Os cães de guarda ferozes
Menotti usava a parábola do cão de guarda e do cão feroz para postular a superioridade da zona face à marcação individual. A modernidade trouxe novos conceitos. Como os cães de guarda ferozes.
A história é de Cesar Luis Menotti, antigo selecionador argentino, campeão do Mundo em 1978, e um dos pais do jogo positivo na dialética maniqueísta em que os amantes de futebol argentinos o opõem, por exemplo, a Carlos Billardo, campeão do Mundo em 1986 com um jogo muito mais utilitário. Menotti, que apaixonava pela forma como usava parábolas para expor as suas ideias, comparava um cão de guarda a um cão feroz, colocando os dois à porta de uma casa. Se lá chegava uma quadrilha de ladrões, enquanto o cão feroz se atirava a um e o perseguia, mesmo que ele fugisse rua abaixo, dessa forma deixando a porta livre para que os outros entrassem e roubassem o que quisessem, o cão de guarda ladrava e continuava a guardar a porta, impedindo o assalto.
A história era a forma ilustrada que Menotti encontrava para explicar a néscios as vantagens da defesa zonal face à marcação individual e era perfeita para enquadrar o mundo dual dos anos 70 e 80. Hoje já não é assim, porque a modernidade trouxe um novo tipo de cães: os cães de guarda ferozes. E, além de haver quem aplique a defesa individual a todo o campo, nem por isso parecendo que saiu de uma caverna – Bielsa, Gasperini... –, cada vez há mais equipas que adotam um sistema misto: individual quando vão apertar na frente, zonal quando baixam o bloco e entram em organização defensiva. Foi isso que Jorge Jesus fez no Benfica, tanto na época passada como na atual, ainda que com resultados pouco conseguidos. Falei com Jesus para que ele me ajudasse a ter alguma luz sobre esta forma de defender, mas ele escusou-se. “Desculpa, mas não gosto de falar da operacionalidade das minhas ideias”, disse-me o treinador, que saiu do Benfica em Dezembro. “Mas eu já fazia isso na primeira passagem pelo Benfica”, acrescentou.

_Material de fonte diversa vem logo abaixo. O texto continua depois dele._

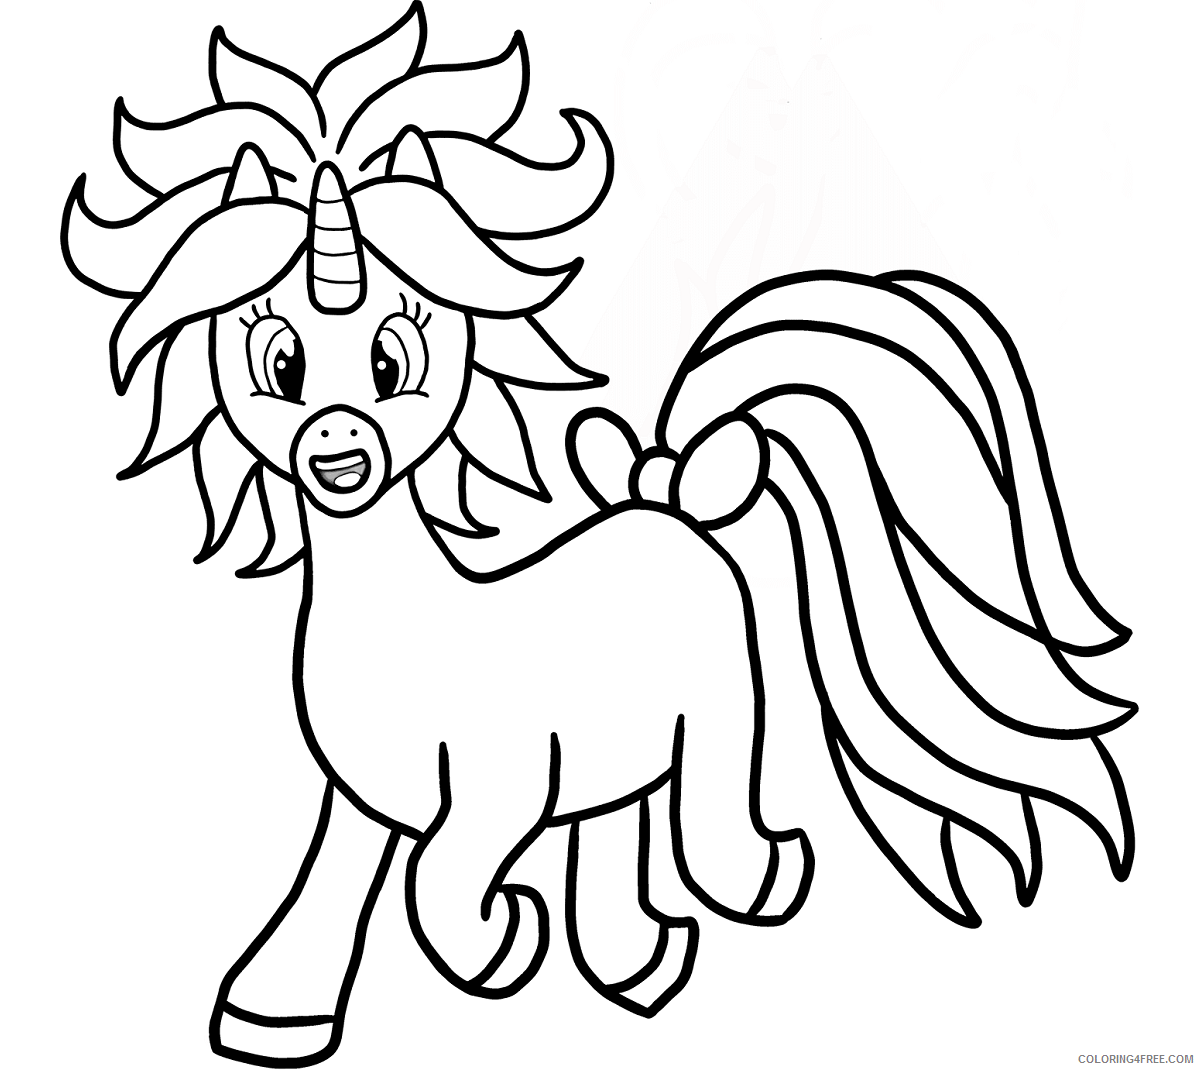 Unicorn Coloring Pages hyperactive unicorn Printable 2021 6042 Coloring4free

Durante décadas, no que ao sistema defensivo diz respeito, os treinadores de futebol de alto nível dividiram-se entre duas escolas: marcação individual versus marcação zonal. A primeira tem como referência o adversário direto e, diz a anedota, manda cada jogador perseguir o seu opositor, mesmo que ele vá à casa de banho. Ainda recentemente Fernando Santos, o selecionador nacional, se referia a instruções dadas nesse sentido por Jimmy Hagan, que foi tricampeão no Benfica do início da década de 70 e depois o treinou no Estoril, já no final dessa mesma década. A segunda tem como referência uma zona, responsabilizando cada jogador pela defesa dessa mesma zona, que varia tendo em atenção a posição da bola. Durante décadas, os críticos associaram a defesa zonal à modernidade e ao progresso a individual à antiguidade e ao marasmo. A primeira era liberdade e a segunda era repressão. A primeira era “de esquerda”, a segunda “ de direita”, conforme definição de Jorge Valdano, convicto “menottista”. Durante décadas, os treinadores que colocavam as suas equipas a defender à zona eram vistos como profetas do jogo positivo, uma espécie de homens vindos do futuro, enquanto os que optavam pela marcação individual eram olhados como autênticos homens das cavernas, vindos de um passado que o futebol erradicara. Eram os progressistas. Hoje já não é tanto assim. Há uma terceira via a ganhar espaço entre os treinadores de elite.